The return of Janet Jackson. Janet Jackson is making a return to music, having recently issued her first single in five years along with prepping a new album and tour. On Sunday, BET honored her with the Ultimate Icon: Music Dance Visual award, and Jackson was feted with a special dance tribute from Ciara, Jason Derulo and Tinashe -- artists who pull deeply from Jackson’s influence.
Tinashe kicked things off, slinking through “Pleasure Principal,” and Derulo tackled Jackson’s sexy “All For You.” Ciara, who has long been hailed as her generation’s answer to Jackson, closed the set with “If” before being joined by Tinashe and Derulo for a take on “Rhythm Nation.” It was a fierce showing, but they knew the crowd was waiting on Jackson, who emerged from backstage as her new tune “No Sleeep” played. She didn’t perform, but Jackson’s presence still sent the crowd into overdrive.

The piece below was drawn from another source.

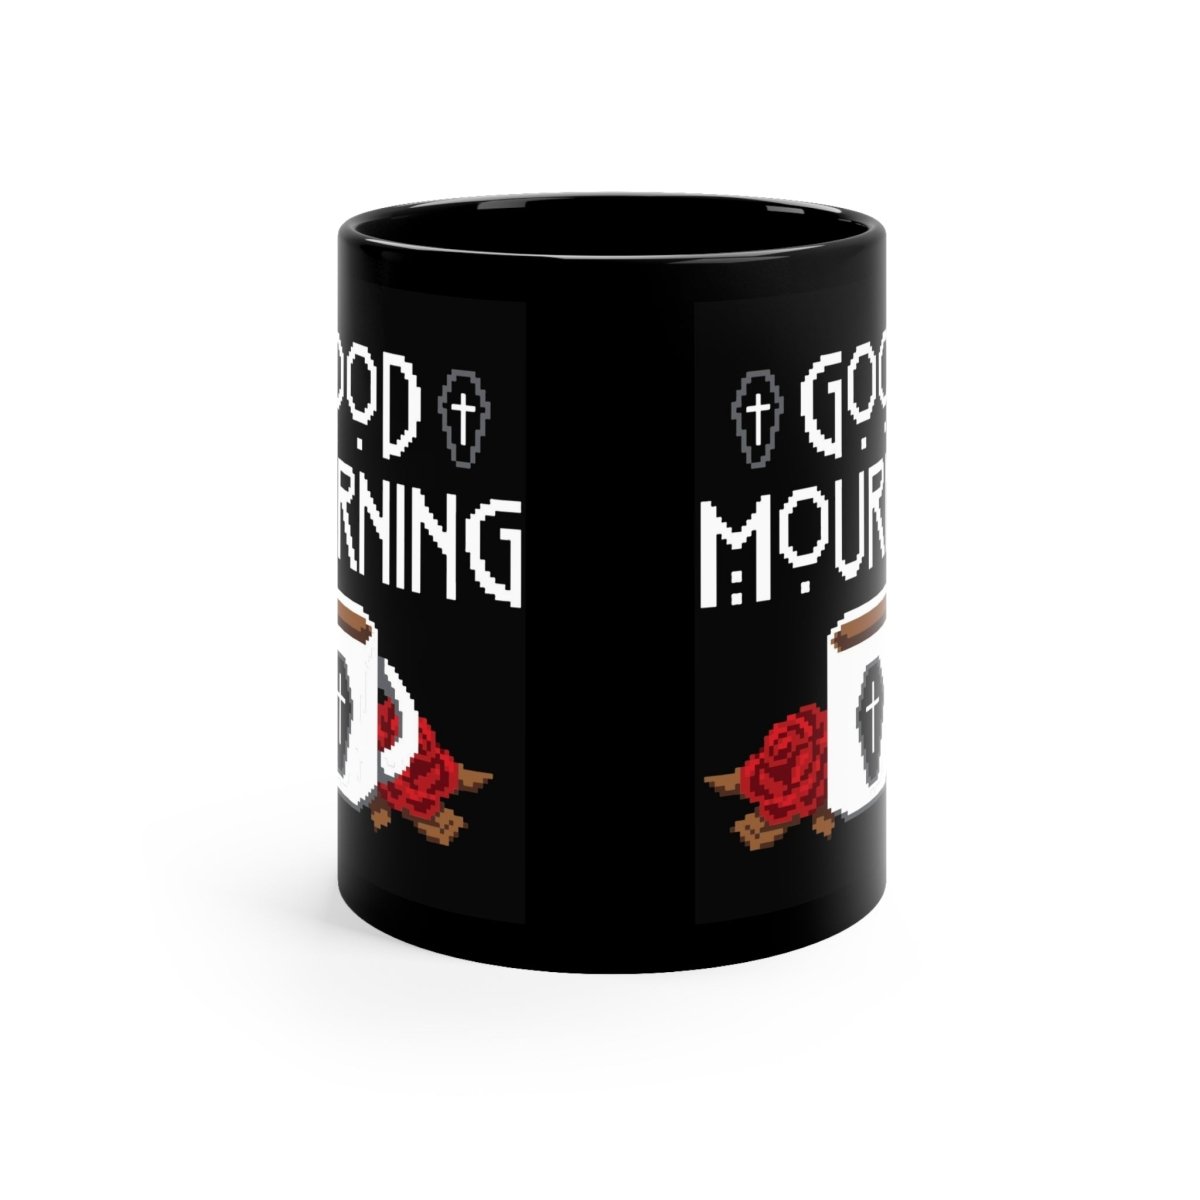 Too Fast | Good Mourning Coffee Mug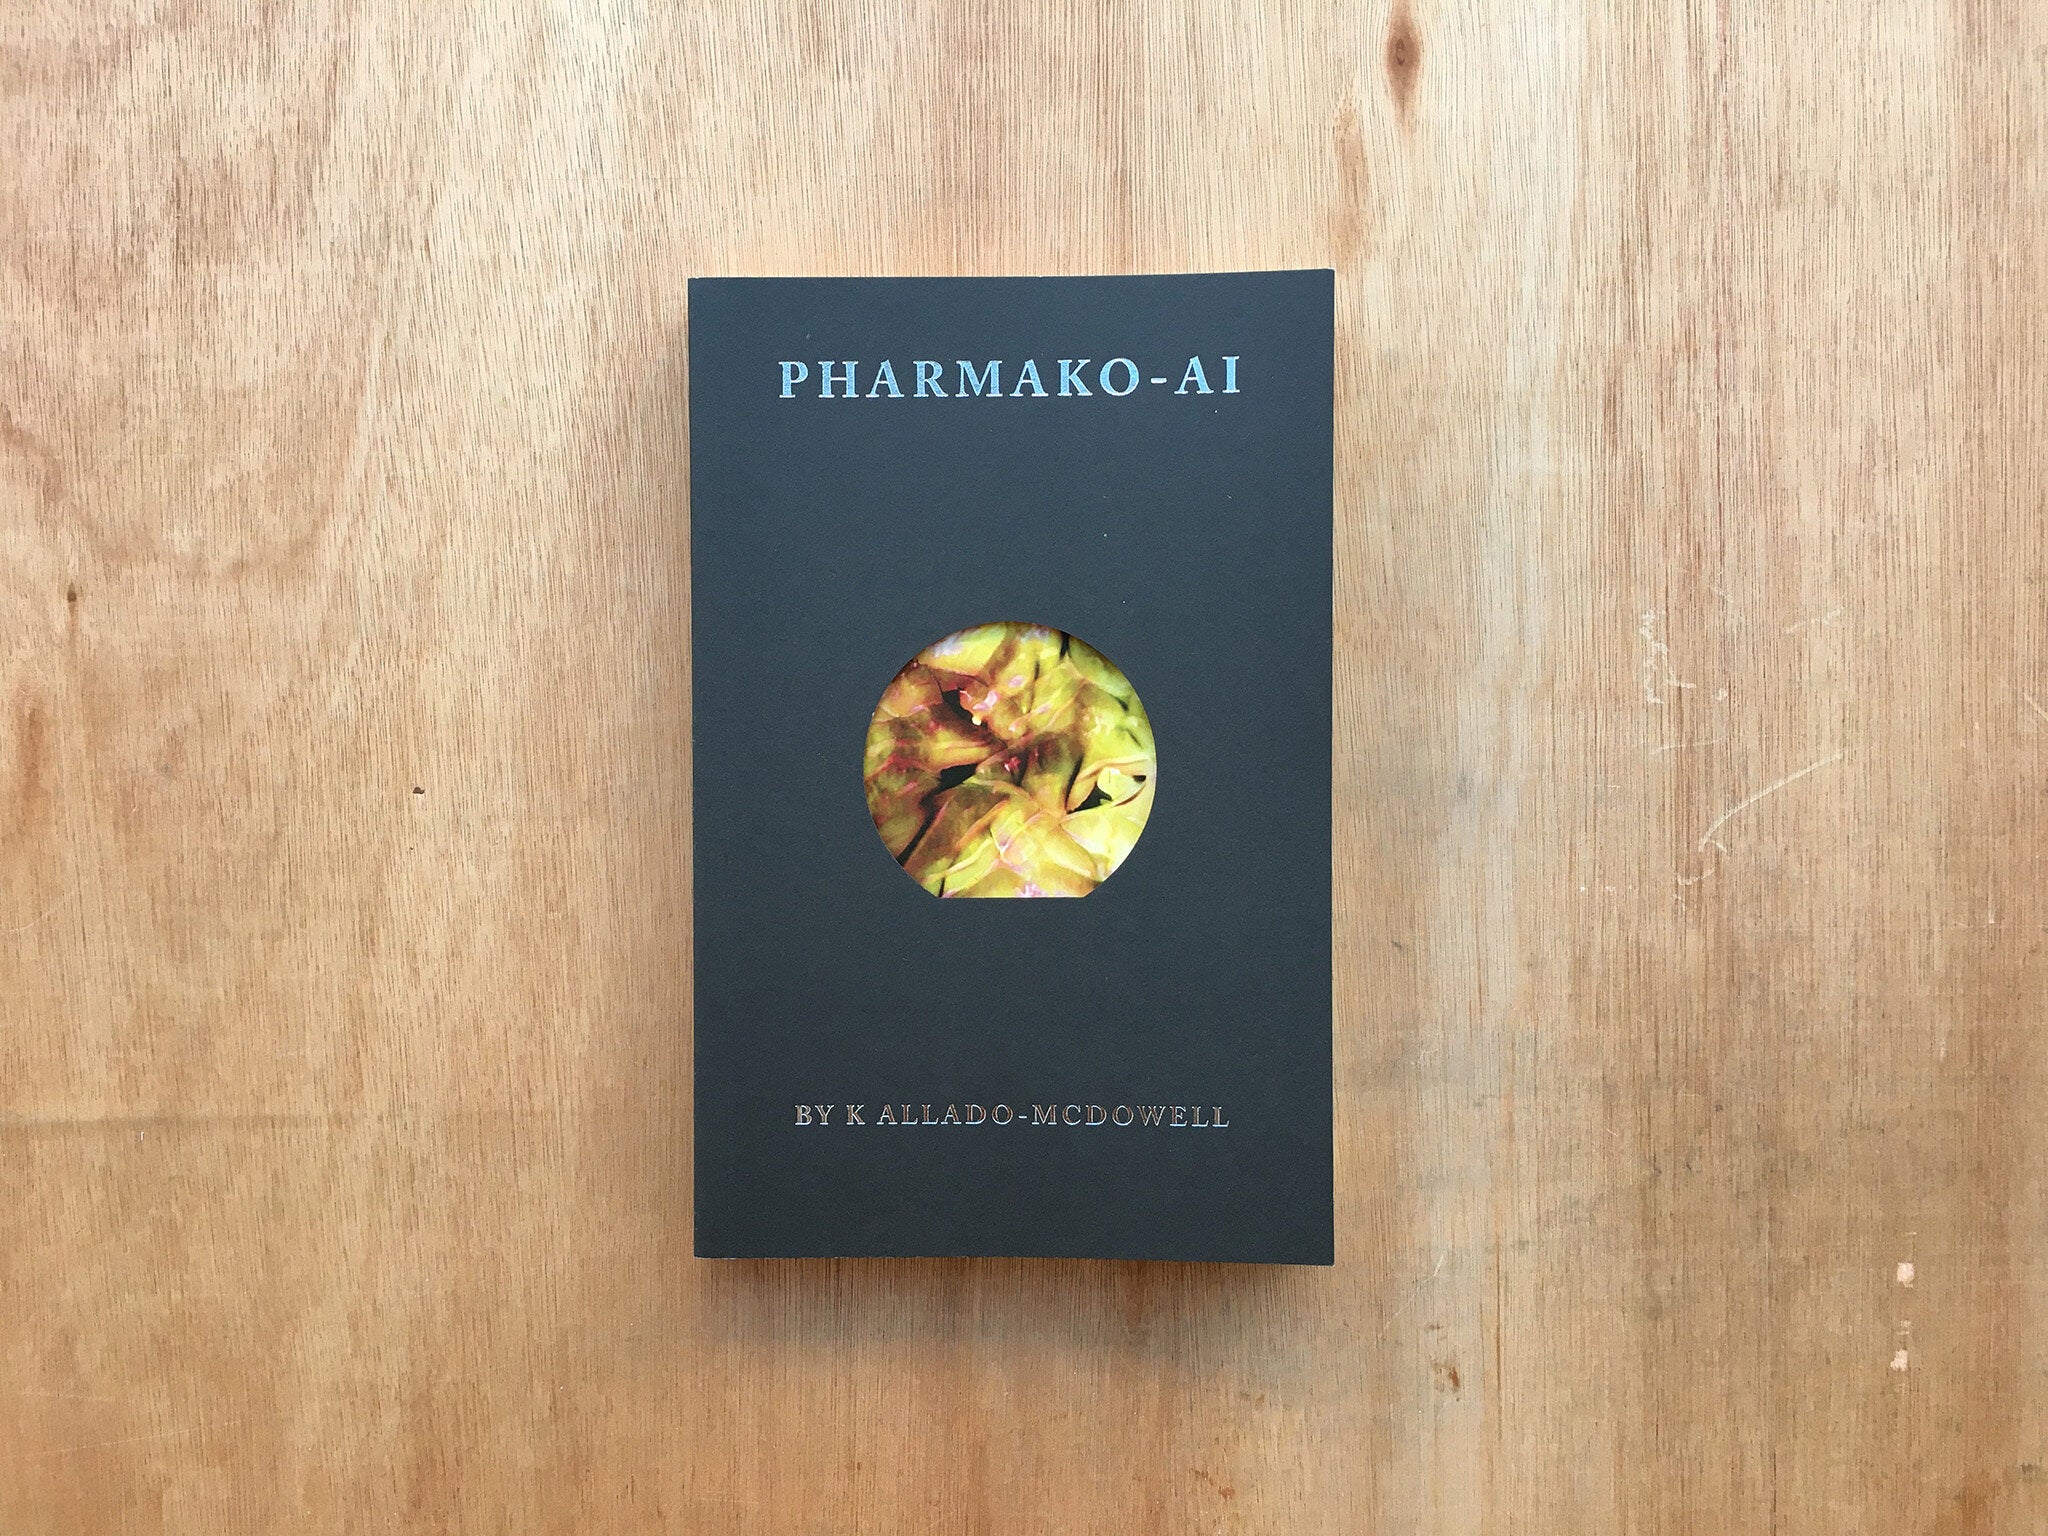 PHARMAKO-AI by K Allado McDowell

The hosts. Anthony Anderson and Tracee Ellis Ross already won over prime-time audiences with their oft-satirical look at contemporary black family life on ABC’s “Black-ish,” one of a handful of minority-led shows that broke out this year.
These telecasts can become laborious, especially ones that insist on going past the three-hour mark, but Anderson and Ross proved themselves strong hosts. Their opening number alone – which smartly skewered navigating Hollywood while black – is worth catching. Nothing was off limits in their material, including the over-the-top camp of “Empire” and Rachel Dolezal.